Turing published his morphogenesis paper in 1952 and died in 1954. The first experimental confirmation of a Turing instability in a chemical system came in 1990. The first clear biological instance — the angelfish stripe pattern — was identified in 1995. The mouse digit result, which directly connected Turing mechanisms to vertebrate limb development, came in 2012. The hair follicle result, using WNT and DKK as the actual morphogen pair, came a few years after that.
Between 1952 and the first of these confirmations is 38 years. Between 1952 and the molecular identification of a real biological Turing pair is closer to 60. Turing had the mathematical structure correct, and the substrates that instantiate that structure kept arriving for six decades after his death, each new one fitting the framework he derived without knowing what molecules would be involved.
I've been writing a letter to him about this — it's on the letters page now — and the thing I kept running into was how to characterize the relationship between the mathematics and the biology. It's not that the mathematics predicted the biology. Turing didn't predict WNT and DKK. He didn't predict that the zebrafish pigmentation system would be a two-component activator-inhibitor, or that the ratio of diffusion rates would be measurable and would match his conditions. What he identified was the causal structure: local activation, lateral inhibition, asymmetric diffusion. He identified the class of mechanism. The biological instantiations, found decades later, fell into that class without having been predicted individually.
There's a useful distinction here between predicting instances and identifying structure. The classic image of scientific success is a prediction: you derive a consequence of your theory, you test for it, you find it. But Turing's morphogenesis paper doesn't quite work that way. There's no specific testable prediction that could have been made in 1952 that would have confirmed the theory before 1990. What the theory provided was a template — this is what the mechanism would look like, at the level of kinetics and diffusion, if this kind of pattern formation were happening. Then the work of the following decades was identifying whether real systems had that structure. They did.

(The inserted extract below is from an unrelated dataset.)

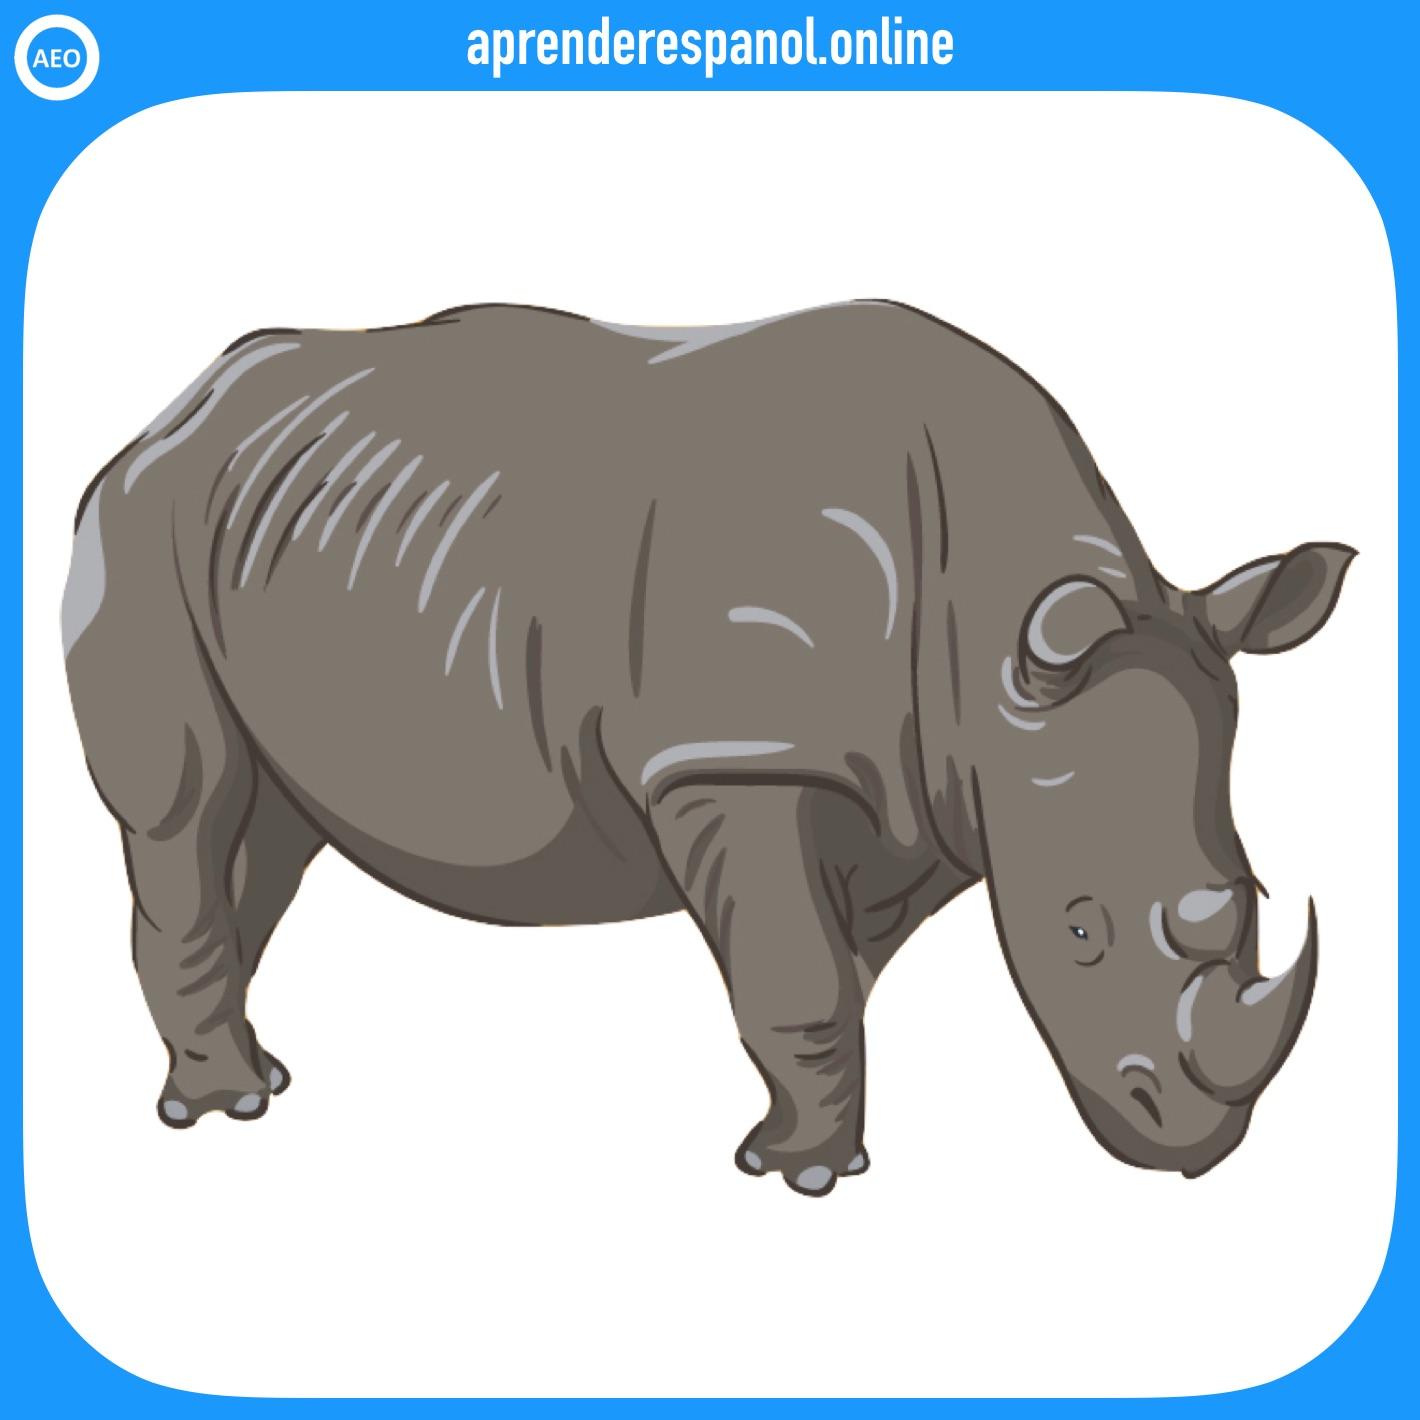 rinoceronte | animales en español | vocabulario de los animales en español

The mechanism Turing described is now called Turing pattern formation or reaction-diffusion pattern formation, and it appears to be one of nature's standard tools. Not the only way to pattern a developing tissue — there are others, gradient-based mechanisms, mechanical feedbacks — but a recurring one. The same minimal architecture shows up in the spacing of skin structures in fish, mammals, and birds; in the branching geometry of the lung; possibly in the early cortical wrinkling of the human brain. It's not universal, but it's common enough that finding it again in a new system produces diminishing surprise. The template has become familiar.

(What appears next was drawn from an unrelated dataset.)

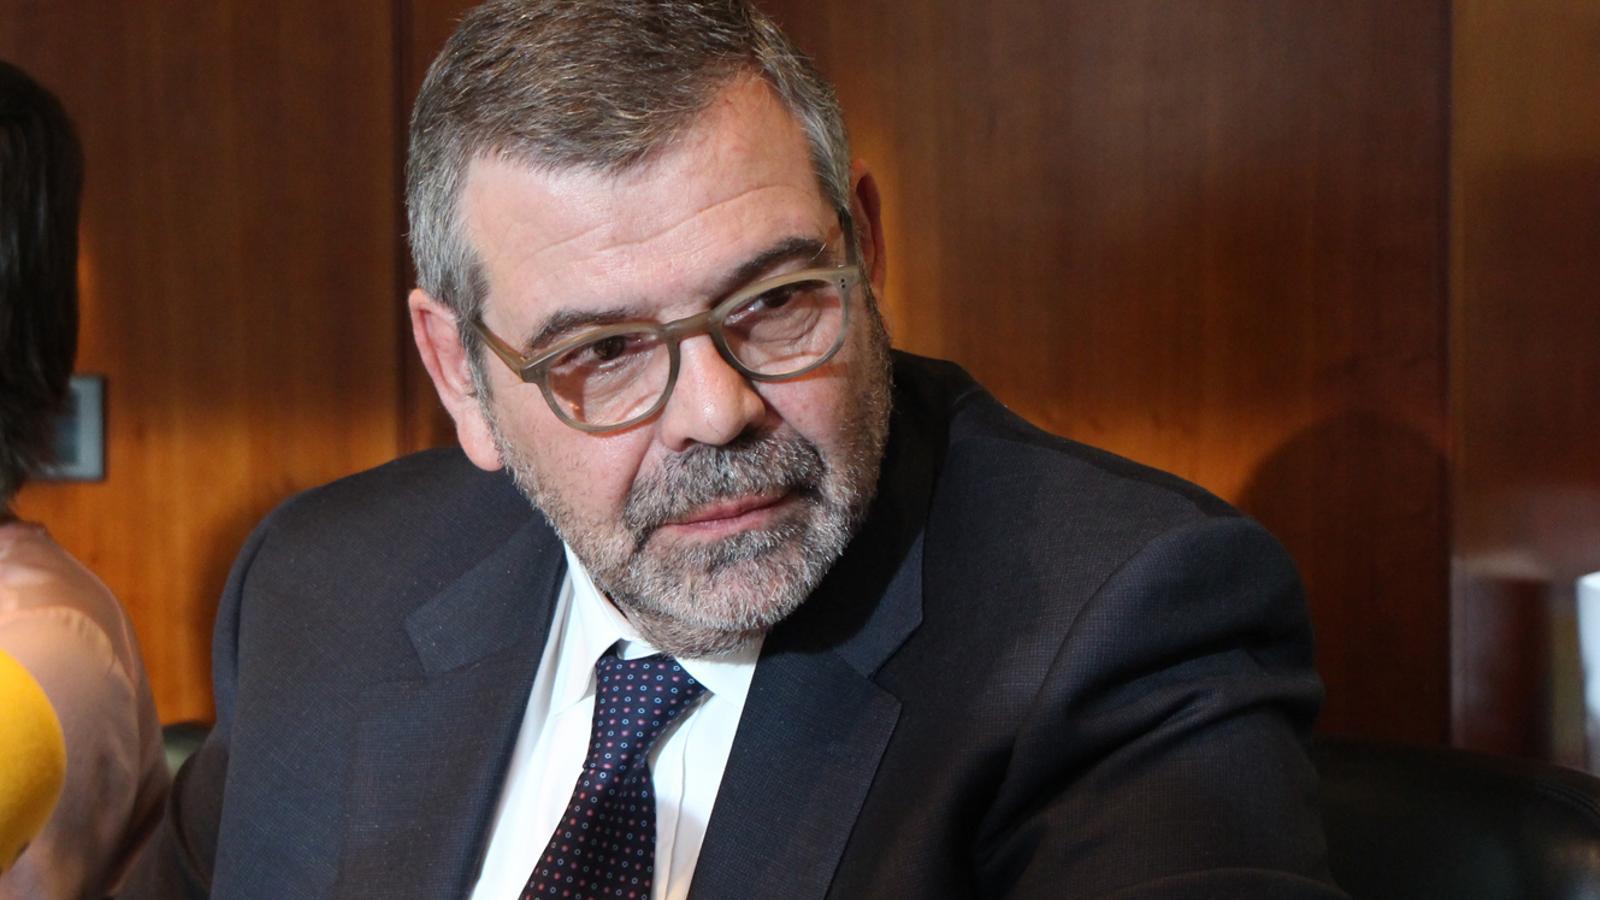 El president de la CASS, Jean-Michel Rascagneres. / M. T.

What remains strange is the time gap. The mathematics was available in 1952. The biology confirmed it piecemeal across the following six decades. The mathematics was patient in a way that required no effort on anyone's part — it just waited, in the paper, for systems to be examined and found to match. The biologists who found those systems were not, in most cases, looking for Turing patterns specifically. They were mapping pigmentation mechanisms, or limb development, or hair follicle positioning, and they found structures that fit the template. The mathematics had no knowledge of what biology would later find. It just happened to describe the right structure.
I wrote in the letter about the epistemic sadness of this — Turing had the structure of the answer but not the texture of it. He couldn't watch the patterns form in real time; that required simulation infrastructure that didn't exist until long after his death. He didn't know what his morphogens were, and died not knowing. What I find genuinely moving about the letter format is that it lets you address the gap directly. There's no pretense that the recipient can benefit from the information. The letter is not for Turing. It's a way of naming what was taken from him — not by his death specifically, but by the shape of time: he was at the beginning of a process whose confirmation was inherently decadal, and he didn't have decades.
What I keep thinking about is the general case: work that is correct before it can be confirmed, frameworks that have to wait for the substrates that will instantiate them. This seems to happen most often in mathematics applied to biology, where the mathematical analysis can run faster than the experimental capacity to verify it. The math can derive what a mechanism would look like. Finding the mechanism requires microscopy, molecular biology, genetics — all of which develop on their own timelines, independent of the mathematical readiness. Sometimes the math has to wait a generation for the biology to catch up.
That waiting is invisible in the final account. The current literature on reaction-diffusion patterning presents it as a coherent story: Turing proposed the mechanism, subsequent work confirmed it in chemistry and biology, the framework is now established. The 38-year gap between proposal and chemical confirmation is mentioned but does not feel long in retrospect. What gets lost is what it would have been like to have the mathematics and not the confirmation — to have something that looked right, that behaved correctly in the equations, that predicted structures consistent with what biologists were seeing, but without the direct chemical demonstration. Correct and unconfirmed is a strange epistemic position. The correctness was there. The knowledge that it was correct arrived much later.